[AIM OF THE EXERCISE] The lines from the start of the records through the one containing "Cheap Price Wholesale" are to be restated word for word; please include both ends.

(Records from a data source)
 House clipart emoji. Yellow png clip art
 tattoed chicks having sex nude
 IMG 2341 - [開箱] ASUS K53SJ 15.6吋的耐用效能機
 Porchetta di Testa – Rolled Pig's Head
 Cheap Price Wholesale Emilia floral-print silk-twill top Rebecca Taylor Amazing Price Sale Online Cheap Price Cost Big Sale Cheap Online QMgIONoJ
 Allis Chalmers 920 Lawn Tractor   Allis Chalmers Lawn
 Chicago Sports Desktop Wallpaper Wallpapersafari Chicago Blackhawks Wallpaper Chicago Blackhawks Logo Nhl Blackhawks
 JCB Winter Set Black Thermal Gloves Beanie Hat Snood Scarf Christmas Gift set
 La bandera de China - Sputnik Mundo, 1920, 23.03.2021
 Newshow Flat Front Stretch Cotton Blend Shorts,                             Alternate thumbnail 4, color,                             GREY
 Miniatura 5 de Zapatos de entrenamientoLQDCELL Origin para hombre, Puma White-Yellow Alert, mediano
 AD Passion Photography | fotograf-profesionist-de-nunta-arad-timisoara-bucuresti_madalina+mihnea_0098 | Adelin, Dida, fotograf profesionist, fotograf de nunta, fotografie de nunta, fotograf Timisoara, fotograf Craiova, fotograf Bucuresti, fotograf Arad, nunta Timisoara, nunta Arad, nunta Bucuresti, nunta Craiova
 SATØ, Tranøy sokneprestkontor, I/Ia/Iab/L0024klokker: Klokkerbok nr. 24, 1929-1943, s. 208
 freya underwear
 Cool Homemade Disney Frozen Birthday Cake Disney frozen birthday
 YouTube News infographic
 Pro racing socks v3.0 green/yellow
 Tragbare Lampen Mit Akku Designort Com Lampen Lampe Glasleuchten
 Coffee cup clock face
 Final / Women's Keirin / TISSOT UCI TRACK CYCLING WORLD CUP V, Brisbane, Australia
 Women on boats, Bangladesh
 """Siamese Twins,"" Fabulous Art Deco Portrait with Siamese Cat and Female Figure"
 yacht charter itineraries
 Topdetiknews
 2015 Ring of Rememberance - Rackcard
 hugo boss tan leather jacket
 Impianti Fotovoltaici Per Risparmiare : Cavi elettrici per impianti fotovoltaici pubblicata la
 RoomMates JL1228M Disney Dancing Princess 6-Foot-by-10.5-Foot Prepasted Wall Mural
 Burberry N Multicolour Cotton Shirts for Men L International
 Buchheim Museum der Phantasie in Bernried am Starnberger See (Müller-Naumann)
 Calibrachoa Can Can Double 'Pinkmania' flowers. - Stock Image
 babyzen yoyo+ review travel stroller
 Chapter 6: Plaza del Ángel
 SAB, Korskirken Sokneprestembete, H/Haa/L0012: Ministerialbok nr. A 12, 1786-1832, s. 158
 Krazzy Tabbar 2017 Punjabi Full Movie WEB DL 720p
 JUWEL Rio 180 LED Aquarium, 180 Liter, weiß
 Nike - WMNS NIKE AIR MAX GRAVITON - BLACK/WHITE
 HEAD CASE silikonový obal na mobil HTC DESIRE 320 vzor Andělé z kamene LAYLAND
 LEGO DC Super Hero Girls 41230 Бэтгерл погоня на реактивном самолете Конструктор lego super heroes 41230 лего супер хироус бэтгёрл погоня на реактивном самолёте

[EXERCISE SOLUTION]
 House clipart emoji. Yellow png clip art
 tattoed chicks having sex nude
 IMG 2341 - [開箱] ASUS K53SJ 15.6吋的耐用效能機
 Porchetta di Testa – Rolled Pig's Head
 Cheap Price Wholesale Emilia floral-print silk-twill top Rebecca Taylor Amazing Price Sale Online Cheap Price Cost Big Sale Cheap Online QMgIONoJ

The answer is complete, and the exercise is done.